What the exercise asks =
For each line in the data that includes "Cream", make a copy.

Data provided =
'''
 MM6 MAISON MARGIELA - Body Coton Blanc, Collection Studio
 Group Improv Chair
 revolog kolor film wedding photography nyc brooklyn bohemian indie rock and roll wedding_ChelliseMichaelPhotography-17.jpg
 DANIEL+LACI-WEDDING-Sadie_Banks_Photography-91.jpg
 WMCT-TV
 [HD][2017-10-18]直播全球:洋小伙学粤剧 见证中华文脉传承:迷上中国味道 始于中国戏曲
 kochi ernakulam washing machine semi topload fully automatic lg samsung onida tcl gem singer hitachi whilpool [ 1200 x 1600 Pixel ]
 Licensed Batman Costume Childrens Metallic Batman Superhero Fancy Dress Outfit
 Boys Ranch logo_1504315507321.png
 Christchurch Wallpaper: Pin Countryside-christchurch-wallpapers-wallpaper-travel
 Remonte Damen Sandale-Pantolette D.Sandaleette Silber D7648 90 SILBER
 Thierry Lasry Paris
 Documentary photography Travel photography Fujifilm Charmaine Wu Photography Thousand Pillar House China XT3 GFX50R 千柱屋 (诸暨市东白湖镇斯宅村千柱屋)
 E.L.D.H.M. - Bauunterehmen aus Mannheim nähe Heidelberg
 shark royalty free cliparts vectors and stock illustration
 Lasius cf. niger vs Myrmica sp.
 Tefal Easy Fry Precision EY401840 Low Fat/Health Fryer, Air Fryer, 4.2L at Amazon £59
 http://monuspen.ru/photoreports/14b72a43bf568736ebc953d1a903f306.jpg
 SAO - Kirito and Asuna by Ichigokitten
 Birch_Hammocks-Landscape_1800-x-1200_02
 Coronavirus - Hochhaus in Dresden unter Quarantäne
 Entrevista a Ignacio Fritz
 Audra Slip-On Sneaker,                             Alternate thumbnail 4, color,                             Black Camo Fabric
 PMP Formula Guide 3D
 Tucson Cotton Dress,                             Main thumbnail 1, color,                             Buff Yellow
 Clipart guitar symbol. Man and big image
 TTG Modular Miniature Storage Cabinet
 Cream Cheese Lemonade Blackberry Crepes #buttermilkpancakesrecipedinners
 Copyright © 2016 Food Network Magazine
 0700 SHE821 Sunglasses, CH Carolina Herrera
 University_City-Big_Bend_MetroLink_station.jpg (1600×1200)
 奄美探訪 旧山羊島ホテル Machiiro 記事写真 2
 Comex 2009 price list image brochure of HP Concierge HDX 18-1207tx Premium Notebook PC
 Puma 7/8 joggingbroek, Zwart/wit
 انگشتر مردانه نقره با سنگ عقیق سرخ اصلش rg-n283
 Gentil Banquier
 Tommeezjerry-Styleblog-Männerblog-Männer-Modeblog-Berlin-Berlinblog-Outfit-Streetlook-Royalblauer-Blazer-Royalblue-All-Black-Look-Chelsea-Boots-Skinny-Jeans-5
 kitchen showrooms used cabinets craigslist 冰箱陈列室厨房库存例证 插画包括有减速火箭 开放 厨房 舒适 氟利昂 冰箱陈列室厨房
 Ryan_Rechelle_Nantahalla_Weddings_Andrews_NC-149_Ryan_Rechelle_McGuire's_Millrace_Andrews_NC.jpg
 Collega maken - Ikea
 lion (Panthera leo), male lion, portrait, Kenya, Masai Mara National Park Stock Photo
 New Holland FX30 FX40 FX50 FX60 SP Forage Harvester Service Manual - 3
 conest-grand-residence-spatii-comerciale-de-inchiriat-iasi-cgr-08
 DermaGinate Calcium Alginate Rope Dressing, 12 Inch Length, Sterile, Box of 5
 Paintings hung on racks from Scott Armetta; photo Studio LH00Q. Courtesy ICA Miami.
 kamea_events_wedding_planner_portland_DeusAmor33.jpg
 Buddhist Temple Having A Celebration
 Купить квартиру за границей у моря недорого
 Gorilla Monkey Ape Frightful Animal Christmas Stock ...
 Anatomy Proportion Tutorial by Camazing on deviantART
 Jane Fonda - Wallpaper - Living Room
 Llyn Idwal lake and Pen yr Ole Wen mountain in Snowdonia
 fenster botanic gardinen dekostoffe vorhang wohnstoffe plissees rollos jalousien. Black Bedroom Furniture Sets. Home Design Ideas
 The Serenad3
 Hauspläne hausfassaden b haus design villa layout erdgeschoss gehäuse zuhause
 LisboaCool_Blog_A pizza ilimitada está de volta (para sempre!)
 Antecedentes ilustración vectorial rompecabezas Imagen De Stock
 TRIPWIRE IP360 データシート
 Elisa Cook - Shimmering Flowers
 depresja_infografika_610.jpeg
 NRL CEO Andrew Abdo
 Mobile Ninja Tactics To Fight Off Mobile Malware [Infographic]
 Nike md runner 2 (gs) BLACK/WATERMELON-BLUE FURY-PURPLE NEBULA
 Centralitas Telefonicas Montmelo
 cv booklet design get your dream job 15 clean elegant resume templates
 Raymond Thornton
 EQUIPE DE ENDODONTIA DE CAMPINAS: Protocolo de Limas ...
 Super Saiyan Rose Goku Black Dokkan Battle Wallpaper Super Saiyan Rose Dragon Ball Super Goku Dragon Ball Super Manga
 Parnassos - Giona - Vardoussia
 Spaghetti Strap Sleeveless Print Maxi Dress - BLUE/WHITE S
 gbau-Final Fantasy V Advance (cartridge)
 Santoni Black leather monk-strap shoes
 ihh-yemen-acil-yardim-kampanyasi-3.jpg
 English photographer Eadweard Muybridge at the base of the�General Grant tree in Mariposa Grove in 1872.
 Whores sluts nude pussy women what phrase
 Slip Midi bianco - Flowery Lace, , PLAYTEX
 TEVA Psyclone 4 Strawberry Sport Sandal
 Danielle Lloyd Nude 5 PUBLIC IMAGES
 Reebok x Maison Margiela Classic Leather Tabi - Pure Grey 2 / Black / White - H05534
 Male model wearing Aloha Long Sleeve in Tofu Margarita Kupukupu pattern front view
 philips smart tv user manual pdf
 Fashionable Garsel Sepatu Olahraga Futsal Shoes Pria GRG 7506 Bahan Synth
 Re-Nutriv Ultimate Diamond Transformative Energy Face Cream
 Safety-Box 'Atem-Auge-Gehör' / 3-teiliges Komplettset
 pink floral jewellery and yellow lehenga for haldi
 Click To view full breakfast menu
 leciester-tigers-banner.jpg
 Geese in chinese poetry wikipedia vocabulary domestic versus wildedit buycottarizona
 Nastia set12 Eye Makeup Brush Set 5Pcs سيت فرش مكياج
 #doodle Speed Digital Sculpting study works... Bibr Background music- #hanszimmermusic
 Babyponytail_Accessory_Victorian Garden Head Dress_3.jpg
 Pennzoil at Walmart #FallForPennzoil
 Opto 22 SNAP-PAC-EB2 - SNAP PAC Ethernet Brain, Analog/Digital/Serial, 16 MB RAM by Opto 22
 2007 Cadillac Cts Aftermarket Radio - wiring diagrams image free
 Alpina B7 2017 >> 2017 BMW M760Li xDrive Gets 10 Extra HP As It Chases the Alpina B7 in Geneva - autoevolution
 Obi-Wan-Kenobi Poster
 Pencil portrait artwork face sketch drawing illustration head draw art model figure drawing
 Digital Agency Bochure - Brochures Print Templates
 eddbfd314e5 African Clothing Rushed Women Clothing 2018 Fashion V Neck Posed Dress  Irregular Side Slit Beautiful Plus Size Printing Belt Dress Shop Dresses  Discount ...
'''
Written answer =
 Cream Cheese Lemonade Blackberry Crepes #buttermilkpancakesrecipedinners
 Re-Nutriv Ultimate Diamond Transformative Energy Face Cream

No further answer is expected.